Der König der Schinken

Wer den wahrscheinlich feinsten und besten aller italienischen Schinken probieren möchte, bleibt am besten in der Emilia-Romagna: Culatello di Zibello wird nur in wenigen Dörfern entlang des Flusses Po produziert und gilt zu Recht als König der Rohschinken. Die ausschließlich im Freien und unter natürlichen Bedingungen lebenden Schweine der Rassen Nera Parmigiana und Mora Romagnola ernähren sich nur von dem, was sie in der freien Natur finden.
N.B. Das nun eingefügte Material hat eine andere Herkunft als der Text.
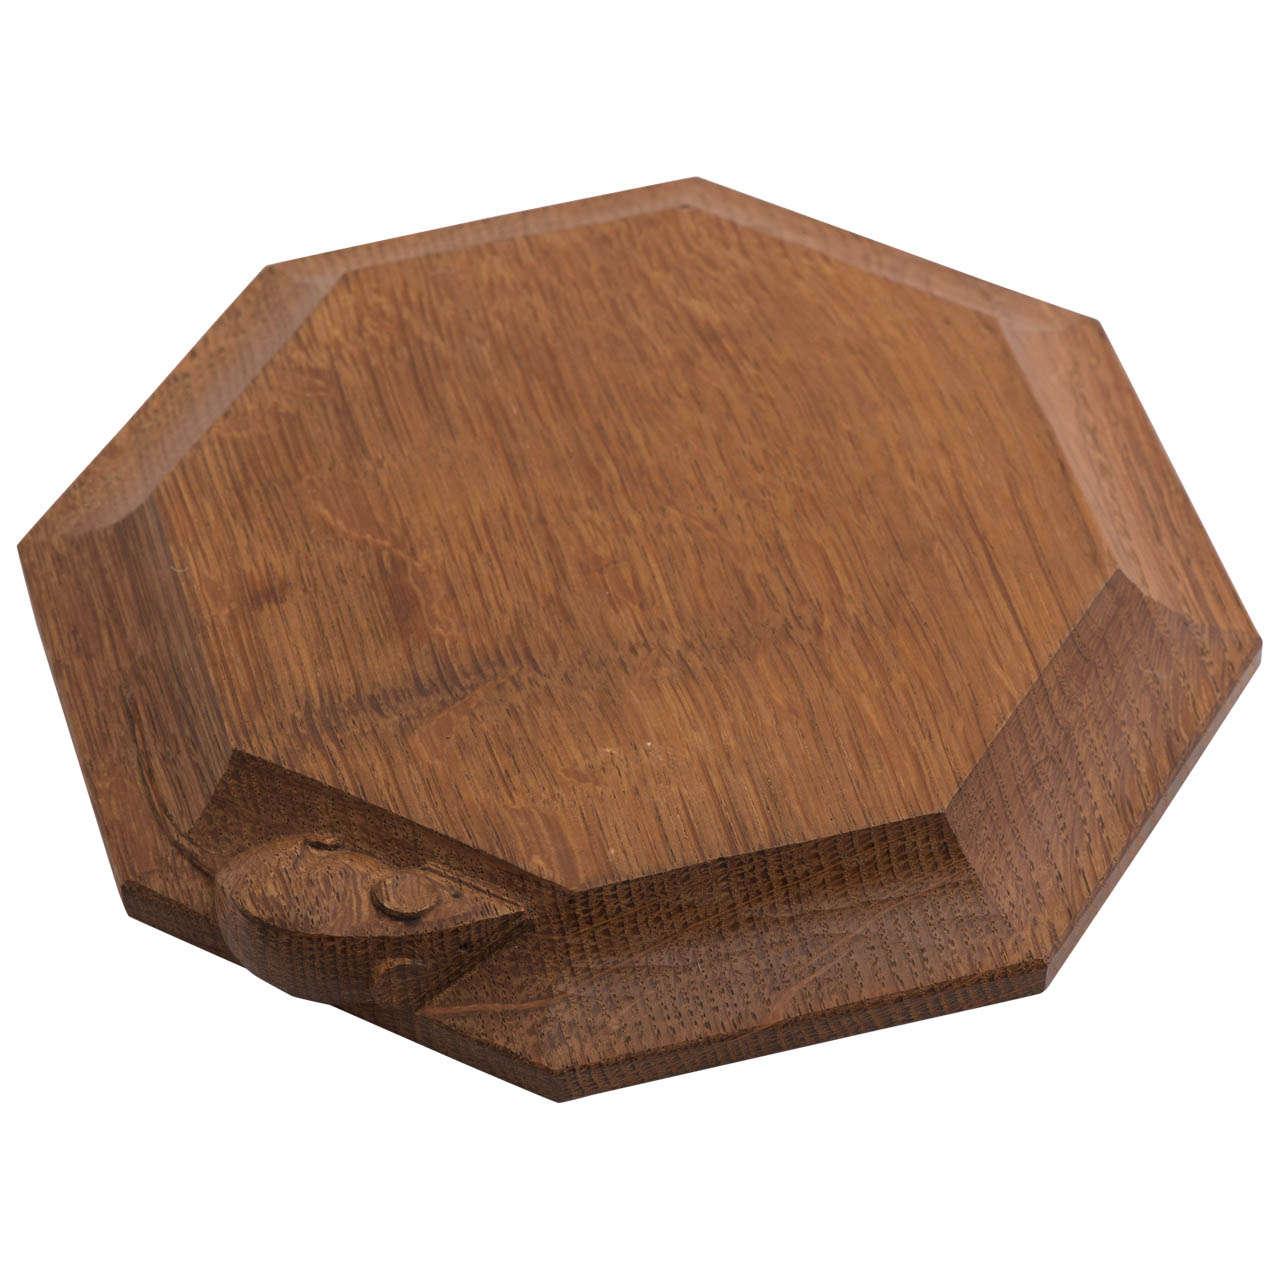 Robert Mouseman Thompson octagonal oak cheese board, England circa 1970

Culatello di ZibelloCulatello di Zibello reift im Keller der Antica Corte Pallavicina

Sie werden erst nach zwei Jahren geschlachtet, ihr Fleisch wird sodann mit Rotwein und Knoblauch eingerieben und in einer Schweineblase zum Trocknen im Keller aufgehängt. Dort, in den feuchten Gebieten am Rande des Flusses, siedeln sich Schimmelpilze auf der Oberfläche des Schinkens an, die durch ihre Enzyme für den charakteristischen Geschmack sorgen. Erst nach zwei Jahren kommt Culatello di Zibello DOP in den Handel. Er kostet ein Vielfaches des besten Parmaschinkens und ist mit dem Massenprodukt in Geschmack und Qualität nicht annähernd zu vergleichen. Wer an Culatello denkt, verbindet ihn vor allem mit einem Namen: Massimo Spigaroli und seiner Antica Corte Pallavicina. Spigaroli ist der König des Culatellos, er produziert die Spezialität für jedes Spitzenrestaurant und ein Gang durch die Reifekeller seines Landguts gleich dem Blättern in allen Michelin Guides dieser Welt. Nebenbei unterhält er zwei Restaurants, von denen eines mit einem Michelin Stern ausgezeichnet ist, und hält in seinem Gut ein paar Zimmer zur Übernachtung bereit. Ein Besuch mit angeschlossenem Essen ist ein Erlebnis, das man nicht mehr vergisst.